Core Concepts
A systematic training method called ScaleFold that incorporates optimizations to address the key factors preventing the AlphaFold training from scaling to more compute resources, enabling it to be completed in 10 hours.
Abstract
The authors conducted a comprehensive analysis on the AlphaFold training procedure and identified that inefficient communications and overhead-dominated computations were the key factors preventing the training from scaling effectively.
To address these challenges, the authors introduced ScaleFold, a systematic training method that incorporated the following optimizations:
- Employed FastFold's Dynamic Axial Parallelism (DAP) to allow scaling up the number of GPUs.
- Implemented a Non-Blocking Data Pipeline to eliminate the negative impact of highly unequal access time to training batches.
- Enabled CUDA Graph to eliminate CPU overhead.
- Implemented efficient Triton kernels for critical patterns like Multi-Head Attention, LayerNorm, and FusedAdam combined with Stochastic Weight Average.
- Applied PyTorch's compiler to automatically fuse memory-bound operations.
- Batched GEMMs and eliminated the overhead of Gradient Clipping.
- Enabled bfloat16 training.
- Implemented asynchronous evaluation to free training nodes from evaluation.

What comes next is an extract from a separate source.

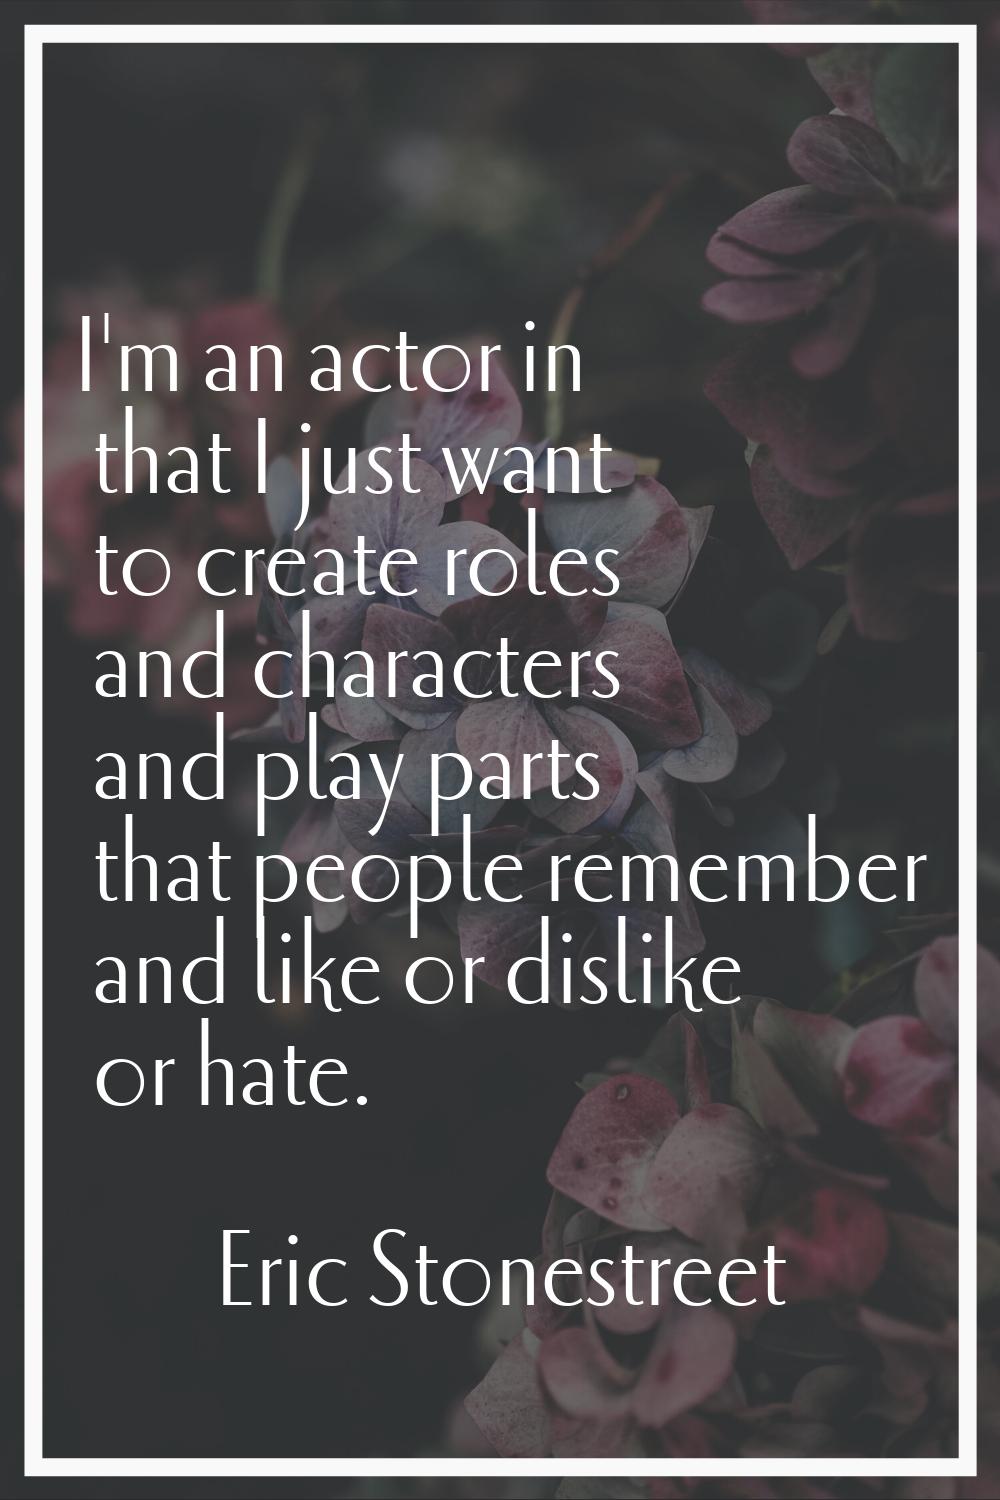 I'm an actor in that I just want to create roles and characters and play parts that people remember

With these optimizations, the authors demonstrated the scalability and efficiency of ScaleFold. In the MLPerf HPC V3.0 OpenFold benchmark, ScaleFold's training time to convergence was reduced to 7.51 minutes on 2080 NVIDIA H100 GPUs, achieving a 6x speedup over the reference model. Furthermore, the authors were able to train ScaleFold from scratch and reduce the initial training time from 7 days to 10 hours, setting a new record compared to prior works.
Stats
ScaleFold achieved a 6x speedup over the reference model in the MLPerf HPC V3.0 OpenFold benchmark, reducing the training time to convergence to 7.51 minutes on 2080 NVIDIA H100 GPUs.
ScaleFold reduced the initial training time for the AlphaFold model from 7 days to 10 hours.
Quotes
"ScaleFold successfully addressed the scalability issue and scaled the AlphaFold training to 2080 NVIDIA H100 GPUs, whereas prior arts only scaled up to 512."
"In the MLPef HPC v3.0 benchmark, ScaledFold finished the OpenFold partial training task in 7.51 minutes, over 6× faster than the benchmark baseline."
"For training the AlphaFold model from scratch, ScaleFold finished the pretraining (i.e., initial training phase) in 10 hours, set a new record compared to prior works."